[Activity] In the listing below, find the line with "Gear Suggestions for" and the line with "NWT THEORY Pearl". Repeat those two lines and all lines between them exactly.

[Excerpted records]
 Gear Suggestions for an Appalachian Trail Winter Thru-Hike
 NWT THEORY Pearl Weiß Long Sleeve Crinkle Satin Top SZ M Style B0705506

* * *

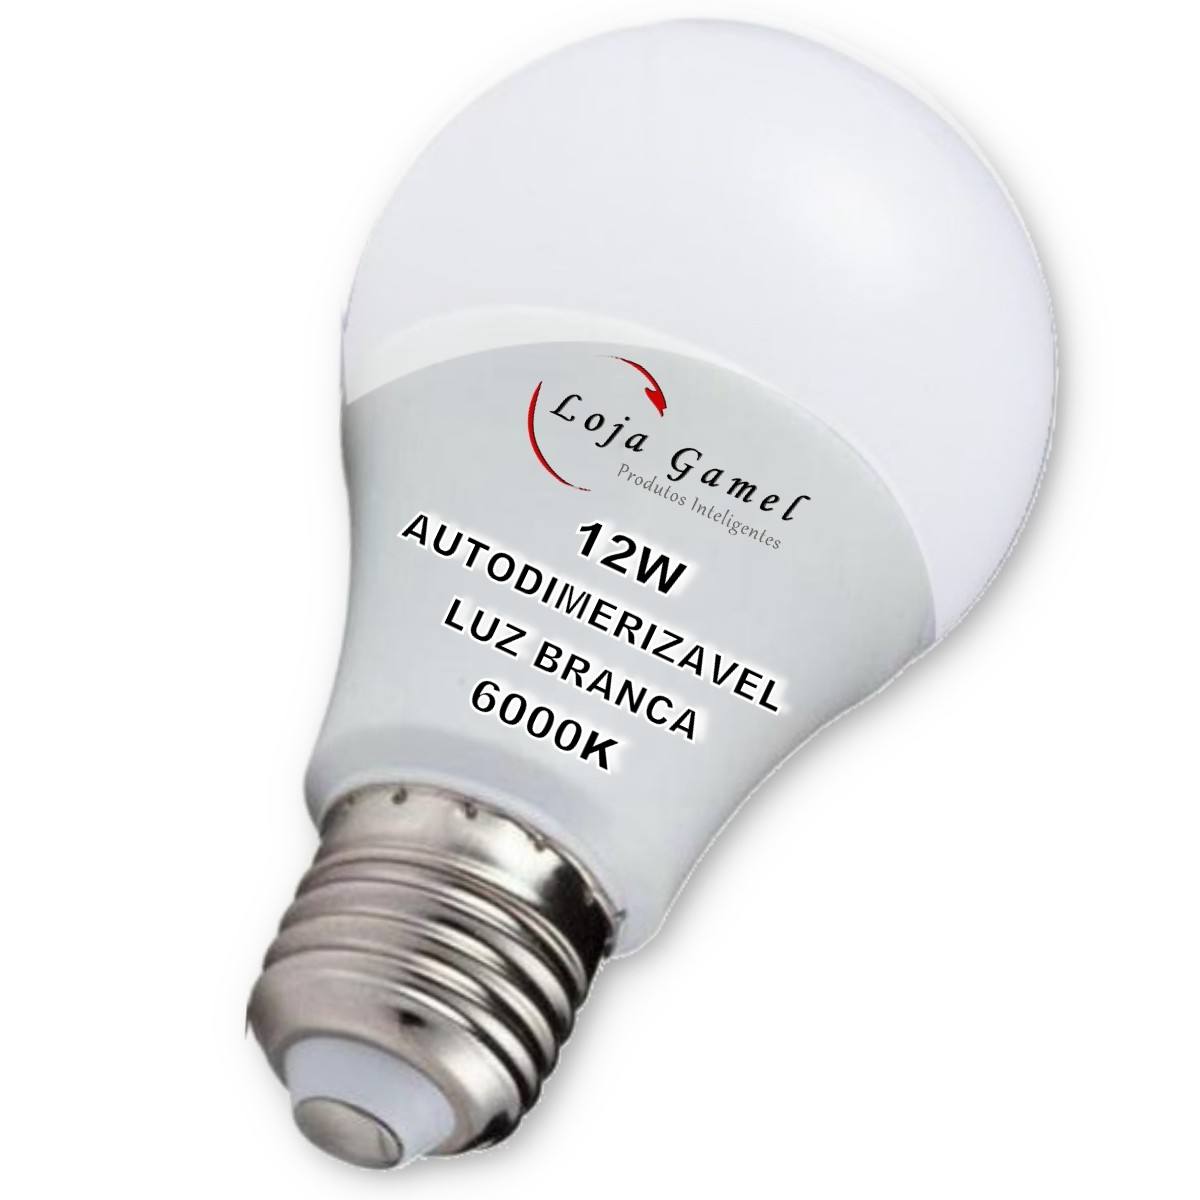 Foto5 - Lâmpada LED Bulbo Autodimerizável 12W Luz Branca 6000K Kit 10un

[Worked solution]
 Gear Suggestions for an Appalachian Trail Winter Thru-Hike
 NWT THEORY Pearl Weiß Long Sleeve Crinkle Satin Top SZ M Style B0705506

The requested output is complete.